-- Opening Marker --

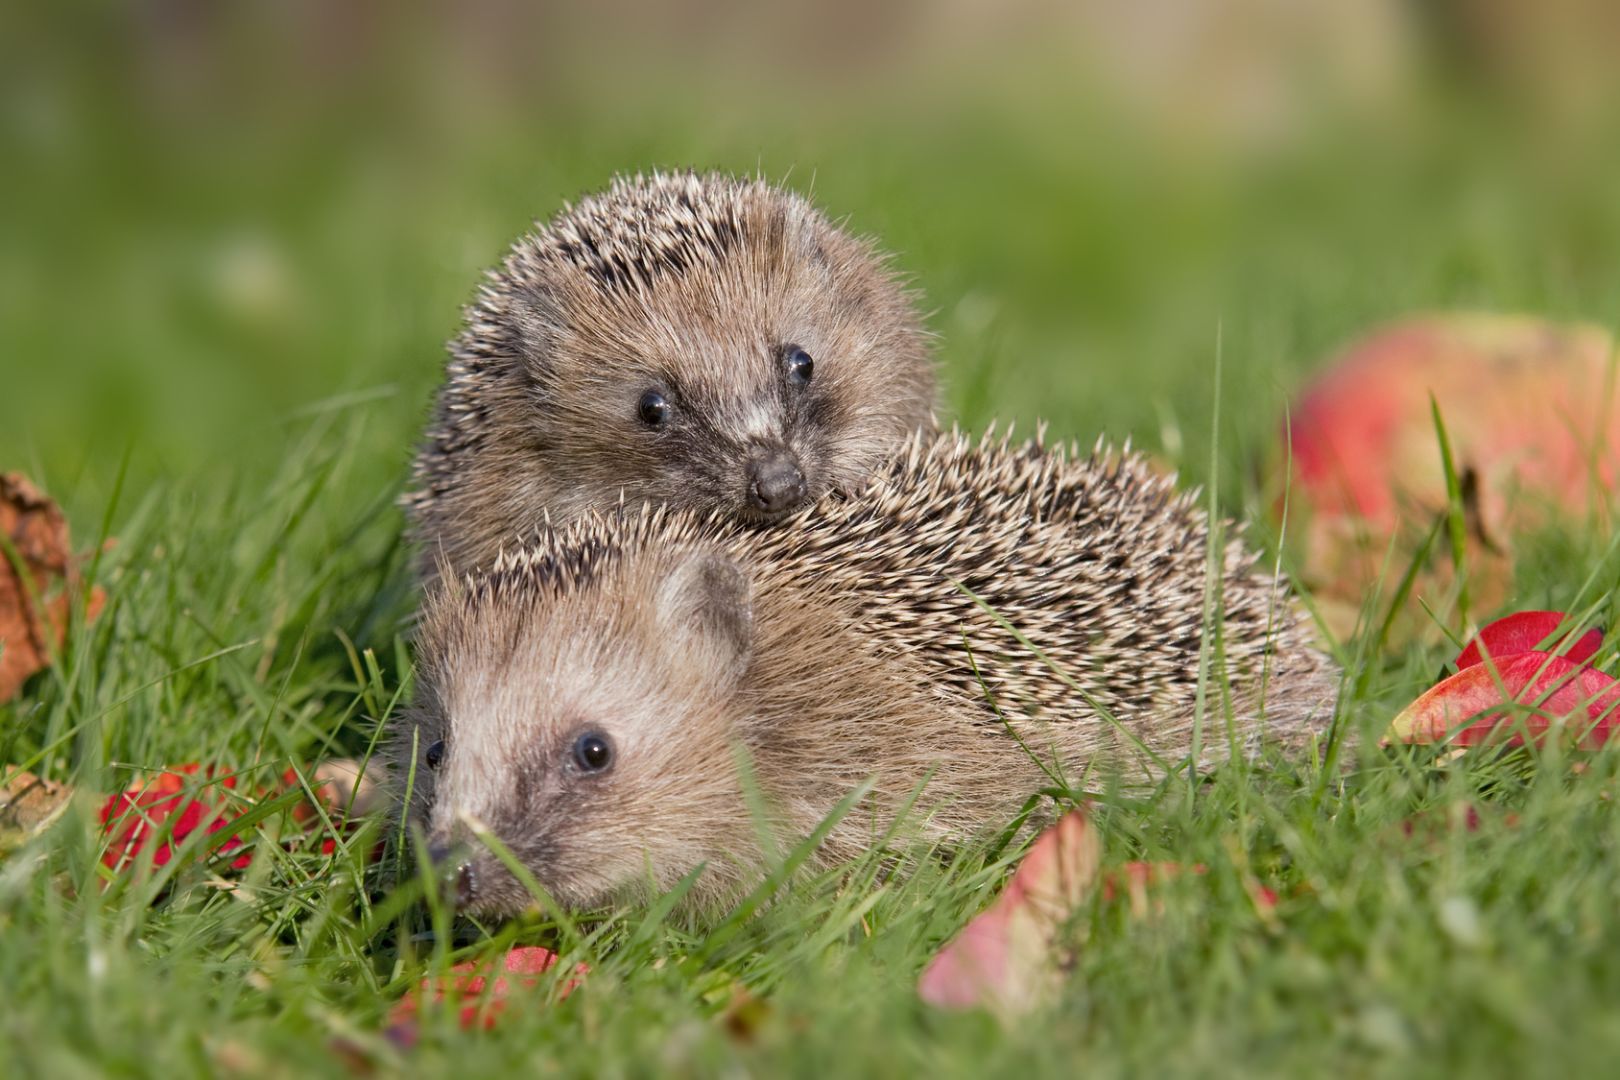 Pair of hedgehogs
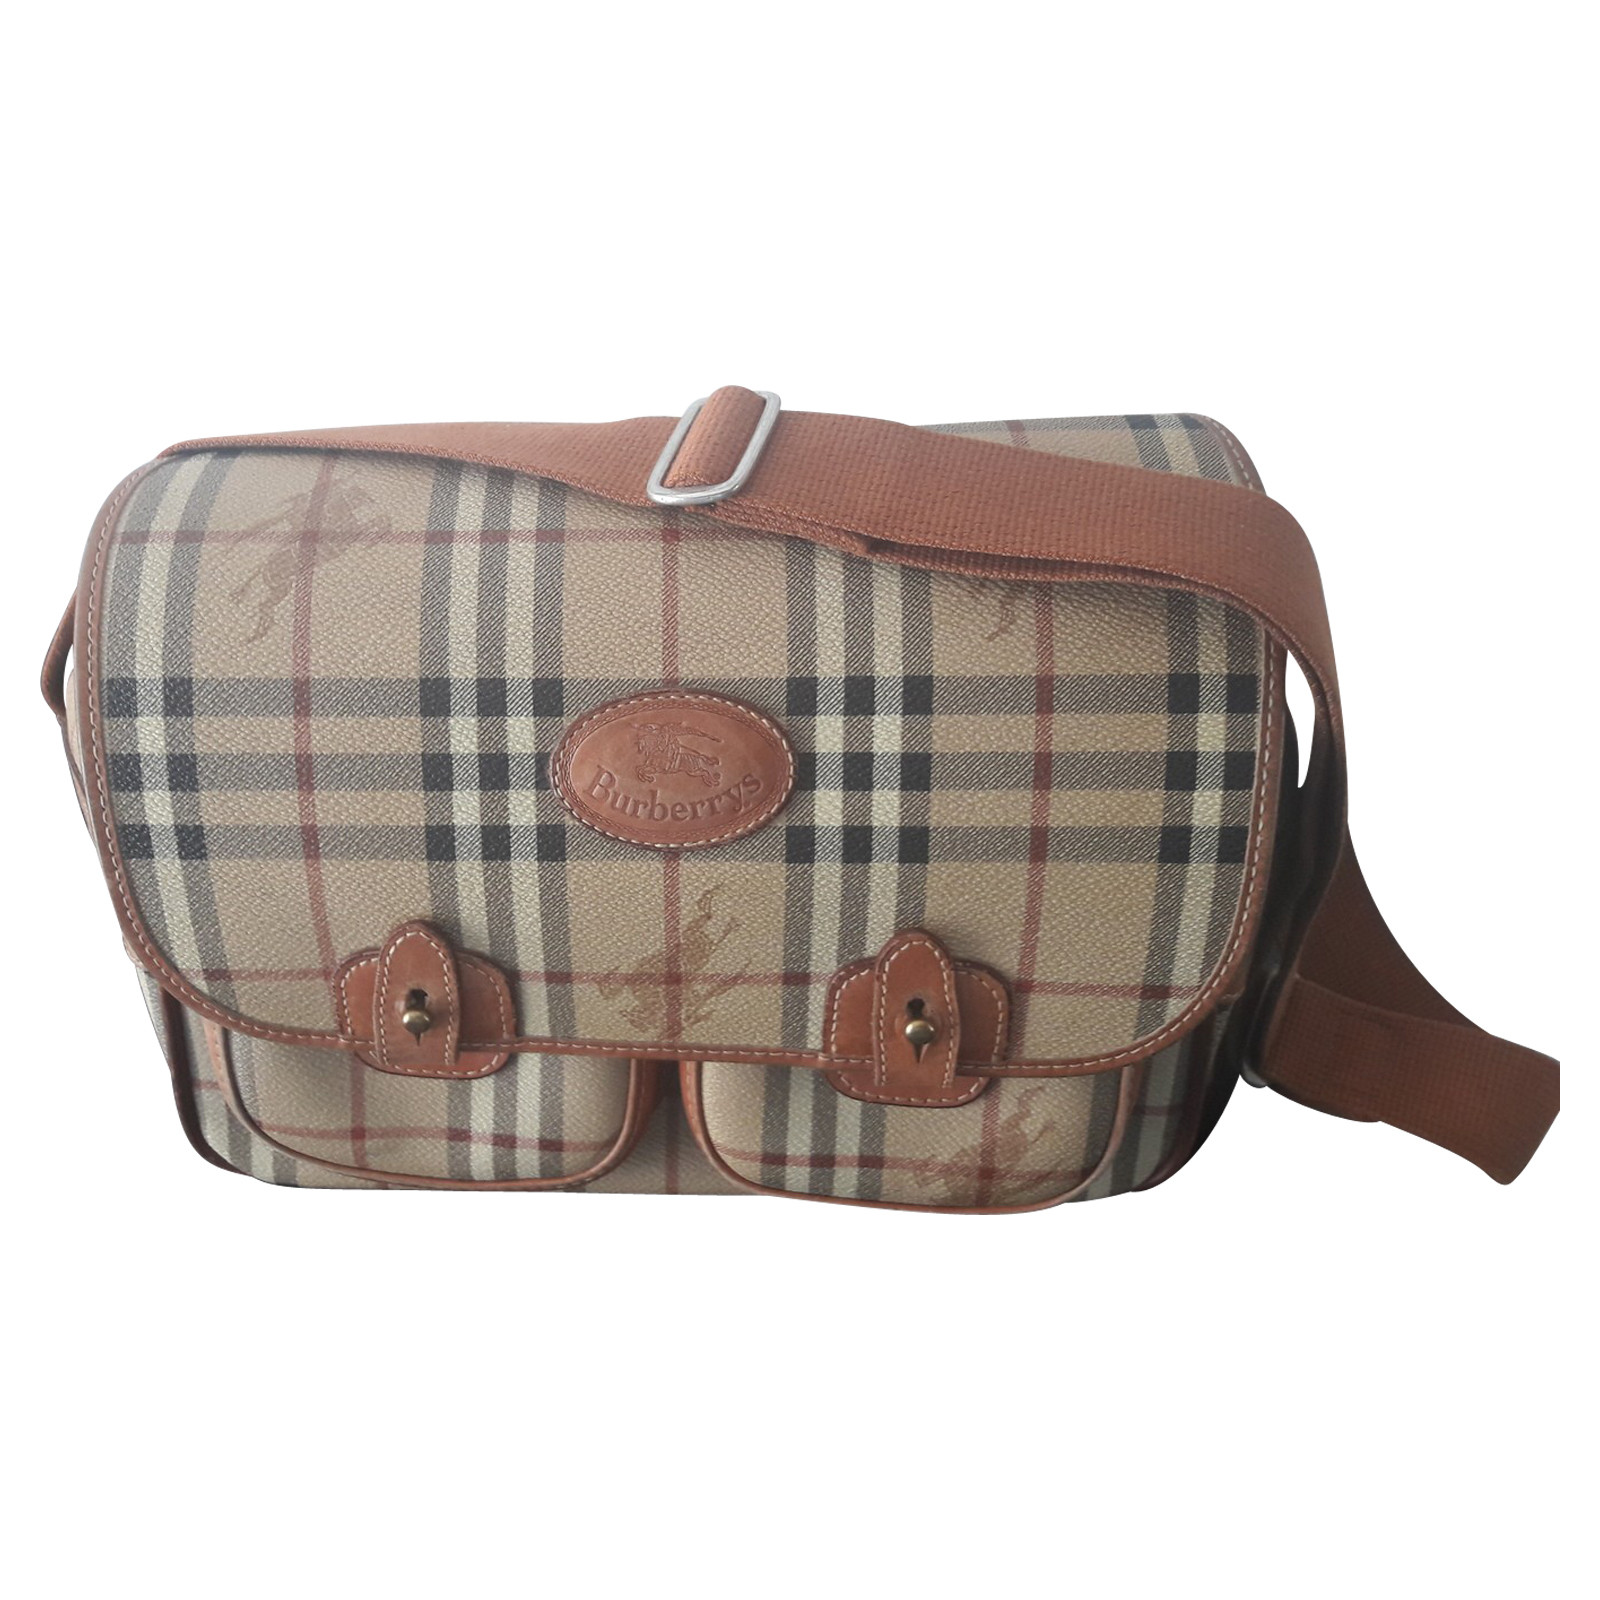 Burberry Tasche - Second Hand Burberry Tasche gebraucht kaufen für 300€  (2448837)
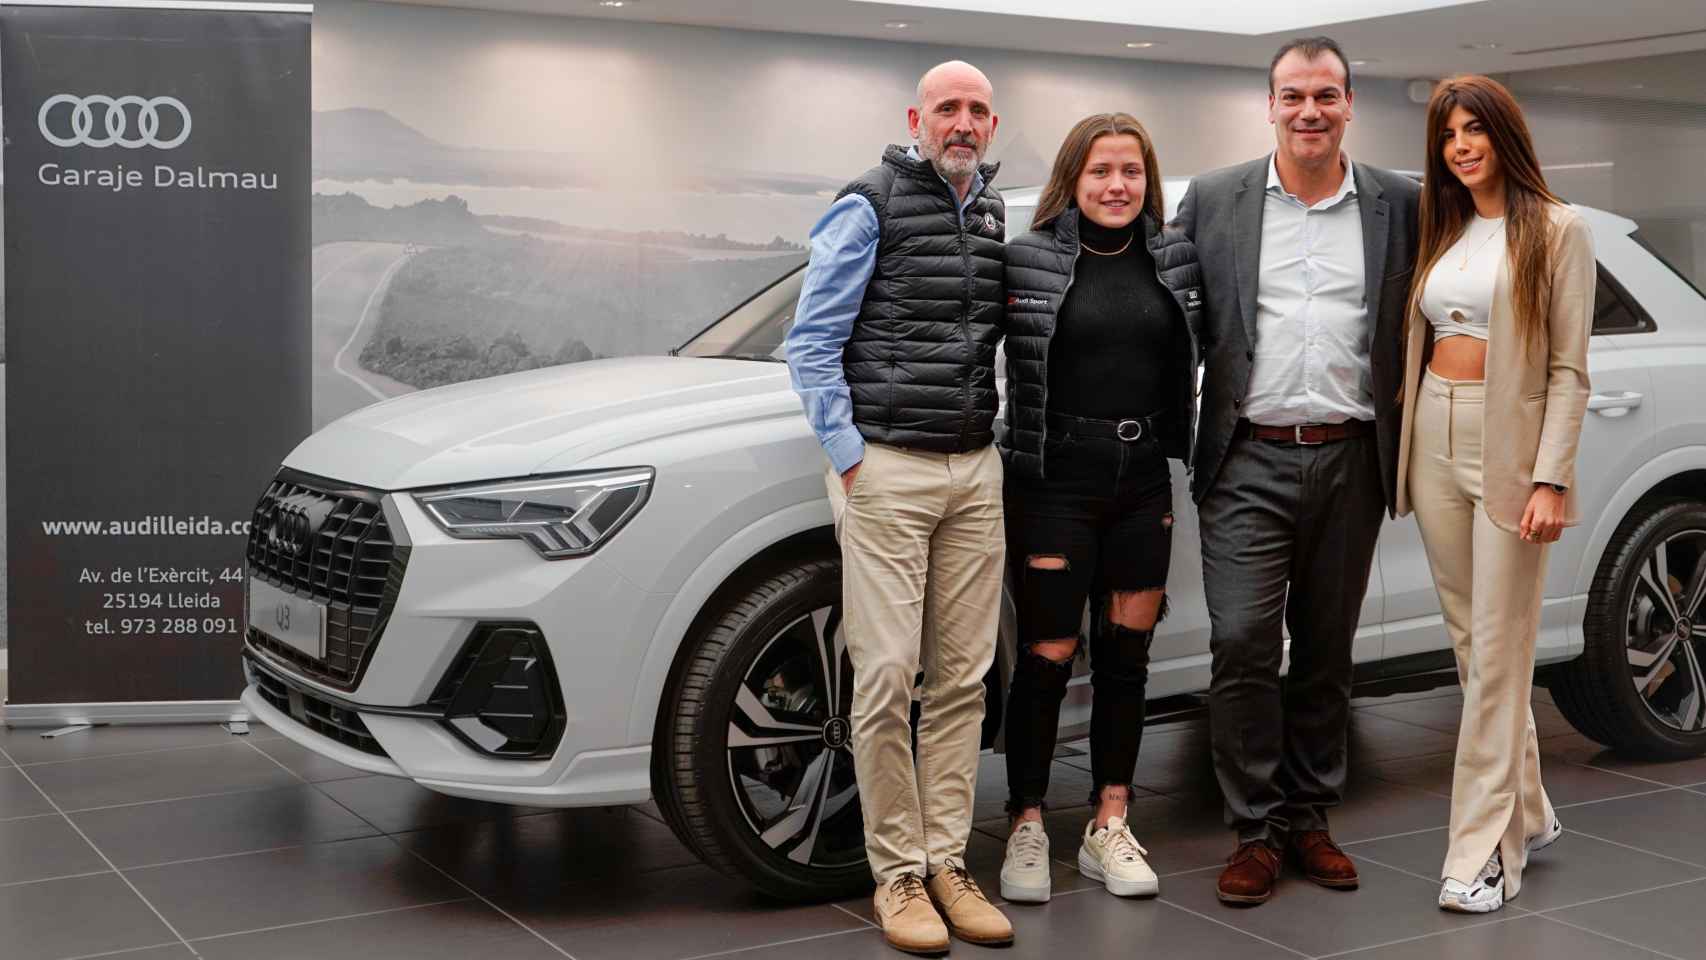 La jugadora Claudia Pina, nueva embajadora de la marca Audi.

-- Closing Marker --

* [What to do]: Line by line, return the listing above exactly, leaving out its pictures.

* [Completed exercise]:
 Pair of hedgehogs
 Burberry Tasche - Second Hand Burberry Tasche gebraucht kaufen für 300€  (2448837)
 La jugadora Claudia Pina, nueva embajadora de la marca Audi.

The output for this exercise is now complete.